Karuna bucks the neuro trend

Psychiatry has claimed its fair share of biopharmaceutical victims. But Karuna has made light of this thorny area today, claiming an emphatic victory in the pivotal Emergent 2 trial of his novel schizophrenia project KarXT.

However, Karuna still has more long-term safety data to gather and doesn’t even expect to submit KarXT to the FDA by mid-2023. But approval seems likely, so attention will shift to whether the company can pull off a successful solo launch, with Karuna still insisting it can go it alone in the US. Still, investors might keep an eye out for a potential takeout.

These investors sent Karuna’s shares up 55% at the opening today. Group rival Cerevel was also up 17% this morning, although that company’s selective muscarine project is a long way behind with Phase 2 data due in 2024.

Exceeded expectations

There should be pent-up demand for a new class of antipsychotics, as existing drugs that target dopamine and serotonin receptors leave much to be desired.

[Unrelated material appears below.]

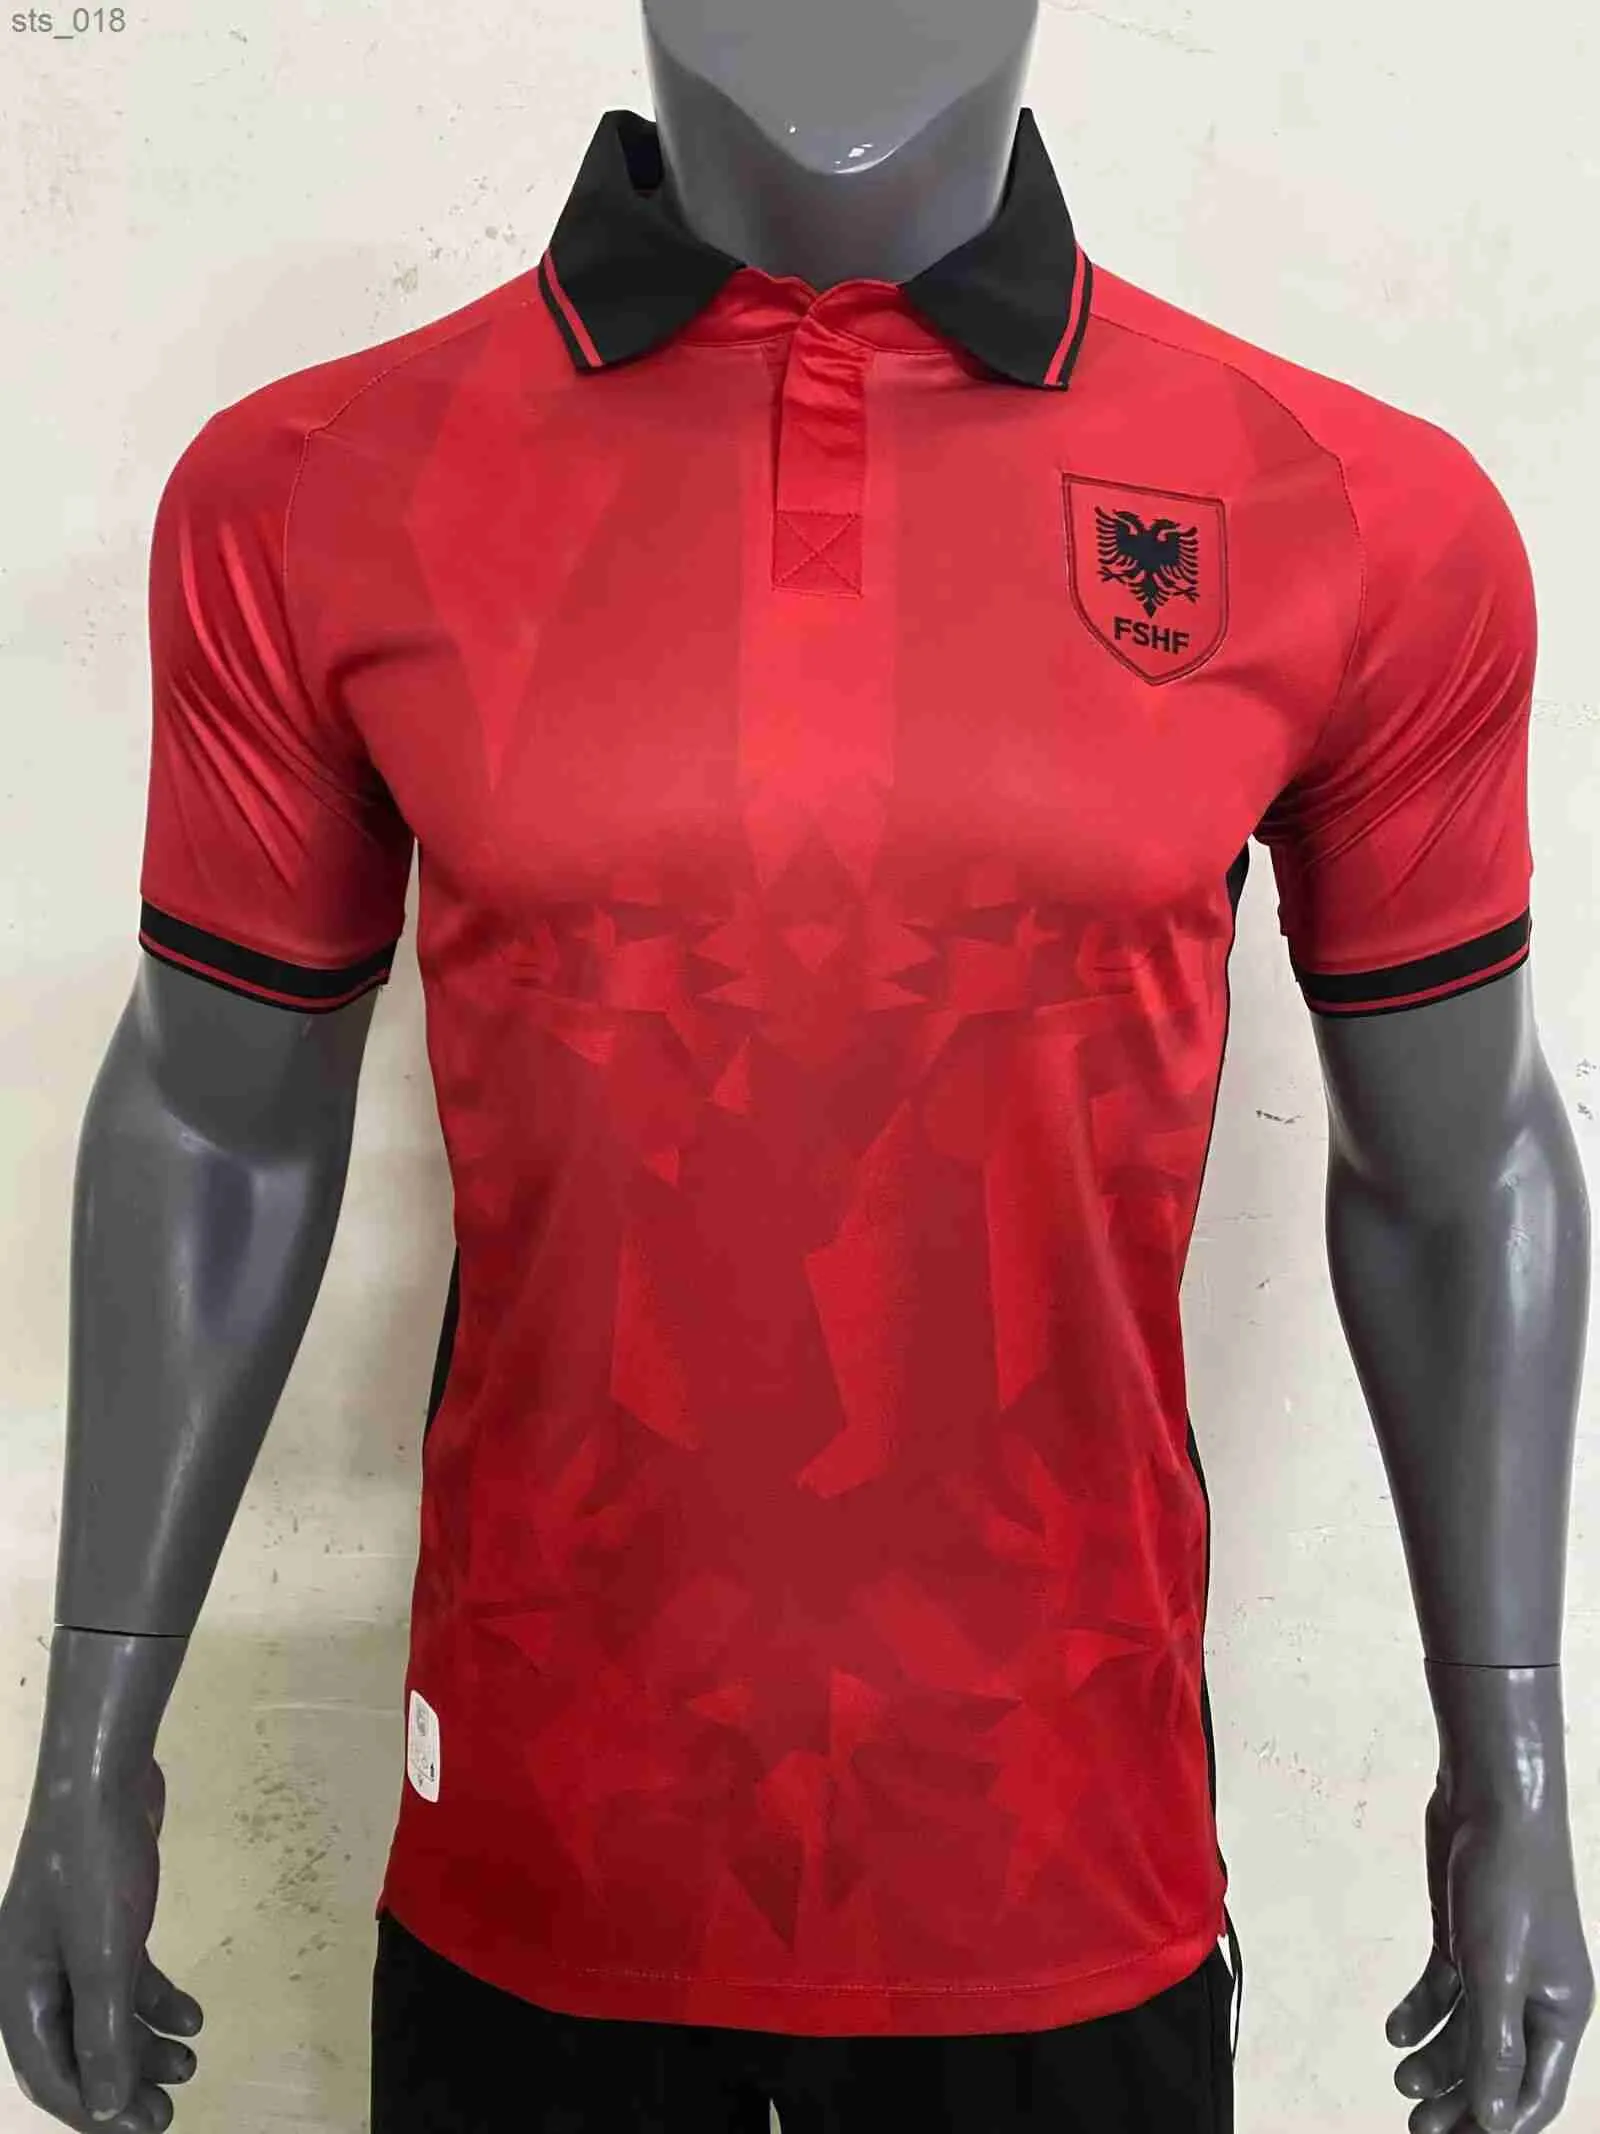 Soccer Jerseys 2024 Albania national team ASANI BAJRAMI ASLLANI UZUNI RAMADANI DJIMSITI LSMAJLI HYSAJ BARE football shirtH240306

Karuna executives spoke about the universal appeal of KarXT during a conference call today. “I can see clinicians using and prescribing this drug across the board, in every patient category out there,” said the group’s chief executive officer, Steve Paul. He cited treatment-na├»ve patients, those who responded to current antipsychotics but experienced unpleasant side effects such as weight gain, and patients who did not respond optimally to current medications.

Prior to the Emergent-2 data, some analysts had expected that KarXT would be largely reserved for non-responders to existing therapies; the current rate pharmaceuticals The sell-side consensus of $1.7 billion in sales by 2028 could therefore be due to an upgrade.

The headline results certainly look impressive. The study met its primary endpoint, change from baseline in the total Positive and Negative Syndrome Scale (PANSS) score at week five, with KarXT-treated patients experiencing a 21.2-point reduction versus a 11.6-point reduction in the placebo group showed.

That 9.6-point delta wasn’t too far from the 11.6-point difference found in the Phase 2 Emergent-1 study, and well above the seven-point difference that investors wanted to see , according to Stifel analysts.

Also impressive was the fact that Emergent-2 found a statistically significant benefit in the secondary endpoint of negative schizophrenia symptoms, which have been difficult to manage in the past.

side effects

When it comes to adverse events, especially cholinergic side effects such as nausea and vomiting, there are still some gaps to be filled. The project is a co-formulation of the muscarinic agonist xanomeline with trospium chloride, a peripheral muscarinic receptor antagonist – the idea being that trospium reverses the peripheral side effects of xanomeline but does not interfere with its action in the brain.

All Karuna says for now is that KarXT’s safety profile was consistent with previous studies, with cholinergic side effects being mild to moderate and “mostly transient in nature.”

Regarding other adverse events previously flagged as observational events, Karuna noted that Emergent-2 caused increases in blood pressure, but added that blood pressure measurements were similar to placebo.

And as in Phase 2, there were increases in heart rate, but these “decreased in magnitude by the end of the trial.”

Overall, discontinuation rates related to adverse events should be reassuring at 7% for KarXT and 6% for placebo. And KarXT was not associated with the weight gain and drowsiness seen with older antipsychotics.

The company doesn’t think it’ll need more efficacy data for its U.S. filing, but investors have almost a year to wait for news on that front.

Trials of KarXT
study Attitude status
emergence-1 Inpatients with schizophrenia compared to placebo Completed, met
emergence-2 Inpatients with schizophrenia compared to placebo Completed, met
emergence-3 Inpatients with schizophrenia compared to placebo Top line data due Q1 2023
emergence-4 Open ambulatory extension of Emergent-2 & 3 registration
emergence-5 52-week open-label outpatient study registration
Develop Outpatients with schizophrenia, in addition to the current SOC Top line data due H1 2024
Stand up Outpatients with schizophrenia, open-label extension of Arise registration
Adept-1 Alzheimer’s psychosis Beginning Q3 2022
Adept-2 Alzheimer’s psychosis start in 2023
Adept-3 Alzheimer’s Psychosis, Open Label Extension start in 2023
All Phase 3 except Phase 2 Emergent-1. Source: Company presentation, clinicaltrials.gov.

Leave a Comment

Your email address will not be published.